11. A fuel injection valve comprising:

a generally straight and smooth unitary pipe composed of a martensitic fuel connector portion at one end thereof, a martensitic valve body portion at the other end thereof, and an austenitic intermediate pipe portion between said fuel connector portion and said valve body portion;

an electromagnetic solenoid disposed outside said unitary pipe around said intermediate pipe;

a magnetic stationary core disposed inside said unitary pipe to extend axially to provide a surface sufficient to receive magnetic flux from said fuel connector portion;

a magnetic movable core disposed inside said unitary pipe to form a magnetic circuit for said solenoid together with said fuel connector portion, said stationary core and said valve body portion.

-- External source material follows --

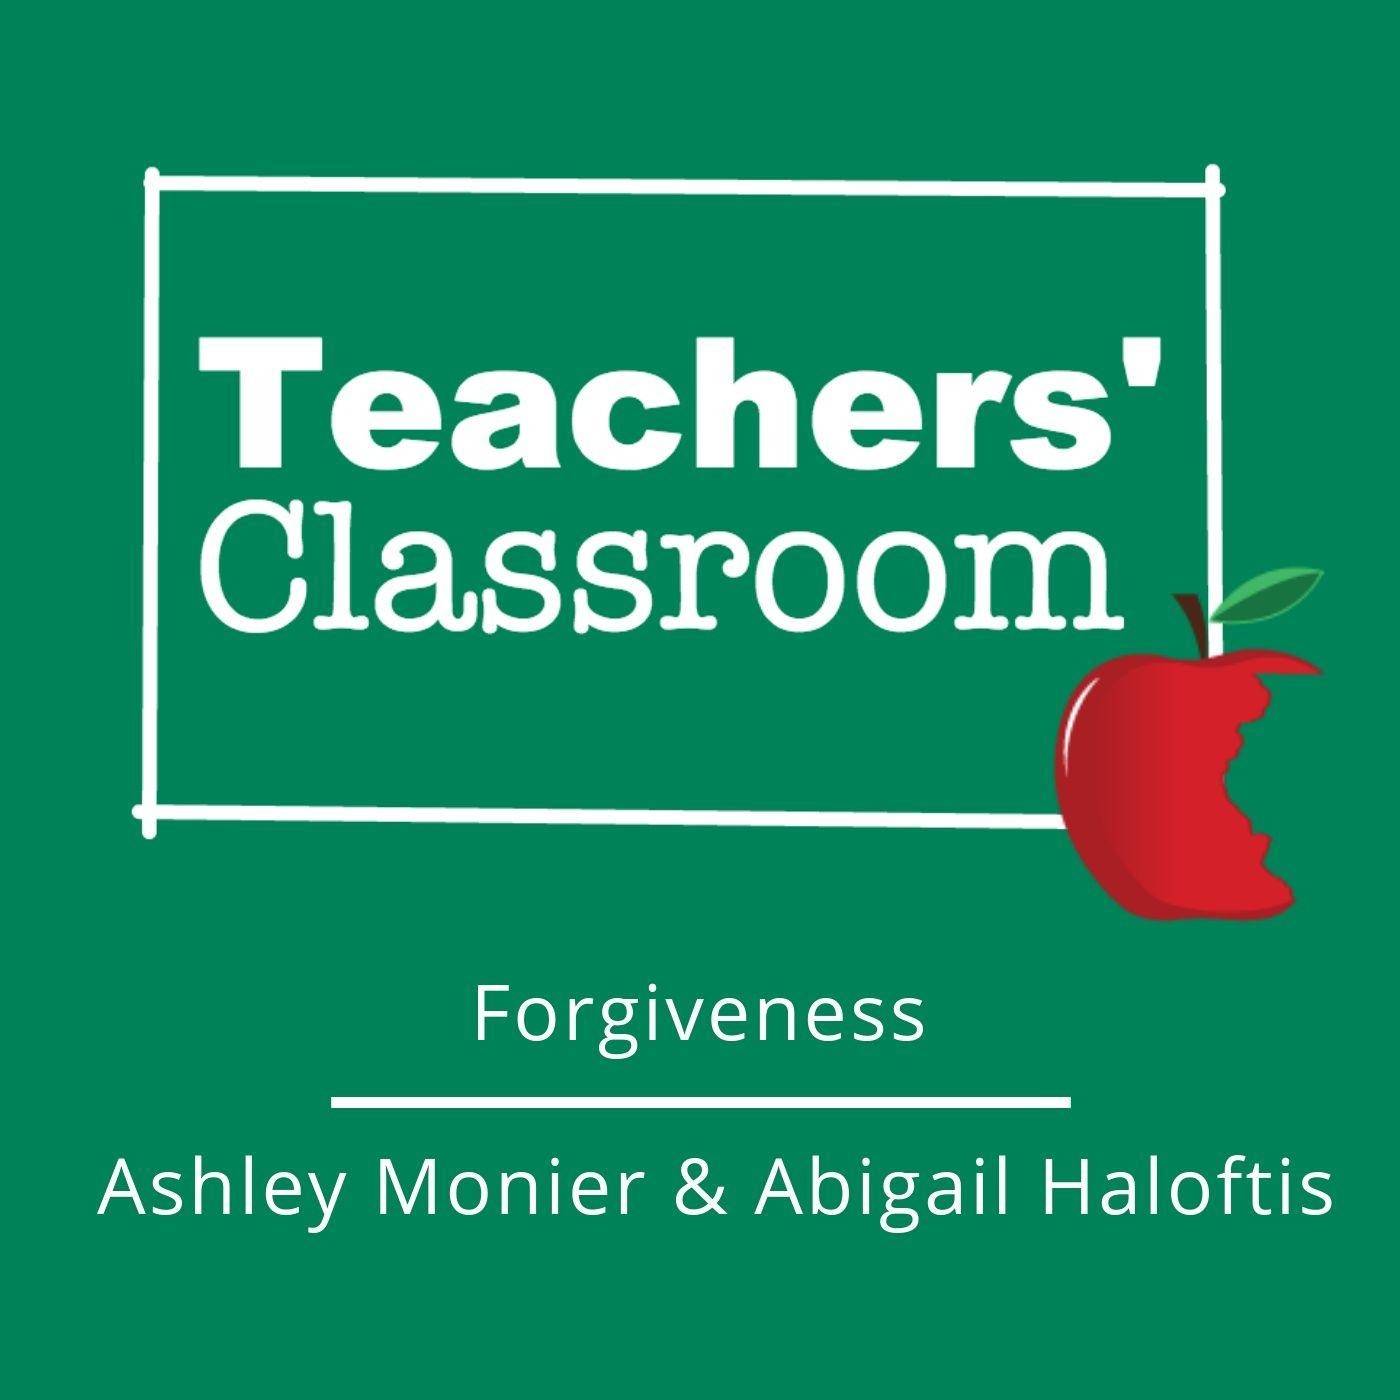 Forgiveness with Ashley Monier and Abigail Haloftis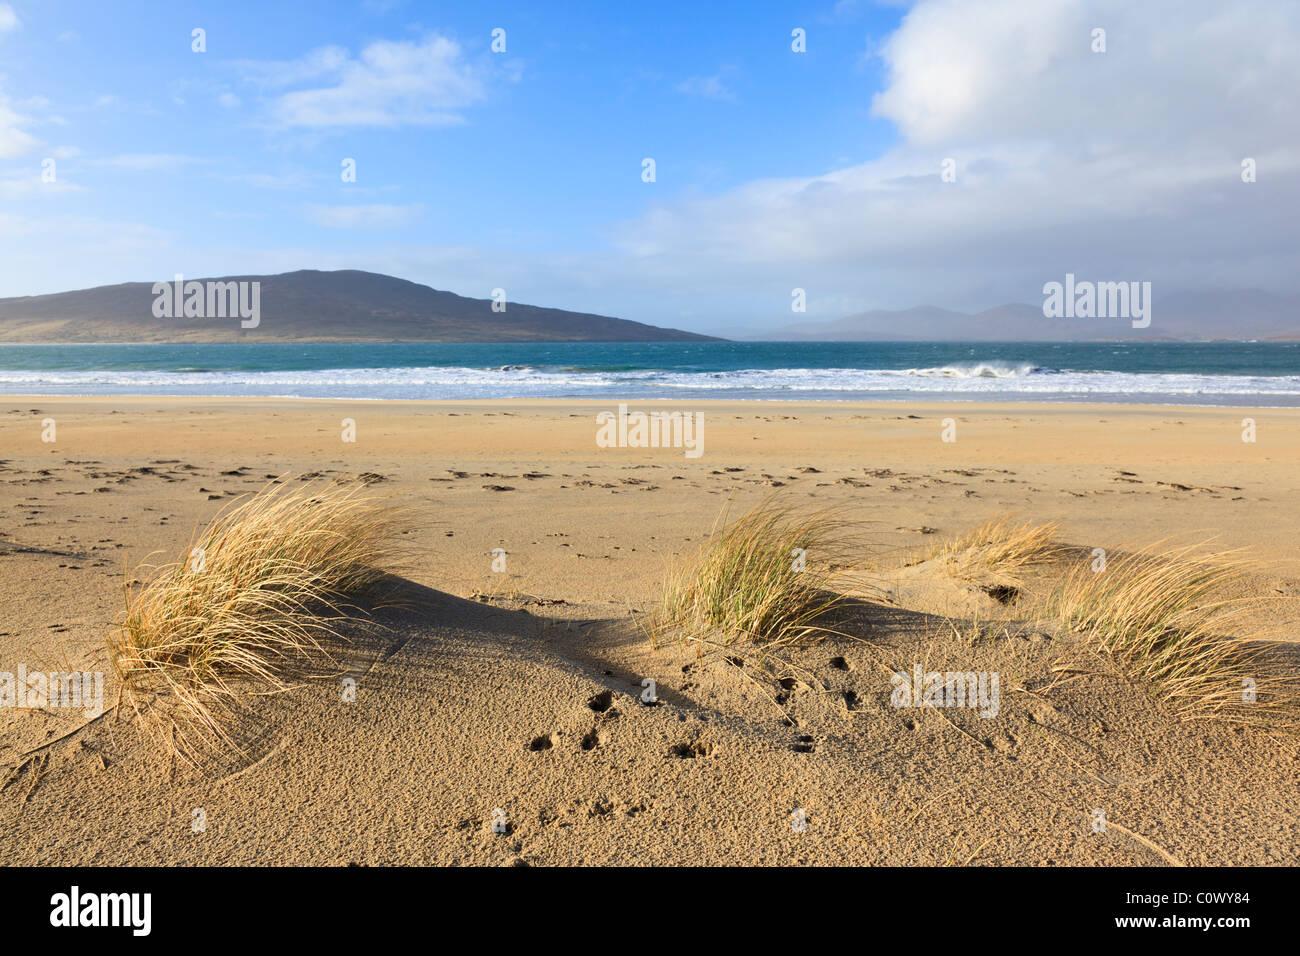 The isle of Taransay seen from Luskentyre beach - Stock Image

12. A fuel injection valve comprising:

a unitary pipe made of a composite material capable of being selectively made to have ferromagnetic properties or not to have ferromagnetic properties;

said pipe having an intermediate portion not having ferromagnetic properties located between first and second portions having ferromagnetic properties;

an electromagnetic solenoid disposed outside said unitary pipe at said intermediate portion and extending along at least part of said first and second portions;

a needle valve disposed inside said unitary pipe at said second portion;

a stationary ferro-magnetic core disposed inside said unitary pipe at said intermediate portion and extending along a part of said first portion to provide a surface receiving magnetic flux from said first portion; and

a movable ferromagnetic core disposed inside said unitary pipe to face an axial end of said stationary core through a magnetic gap and fixed to said needle valve to form a magnetic circuit for said solenoid together with said first portion, said second portion, and said stationary core while being slidable on an inner periphery of said second portion.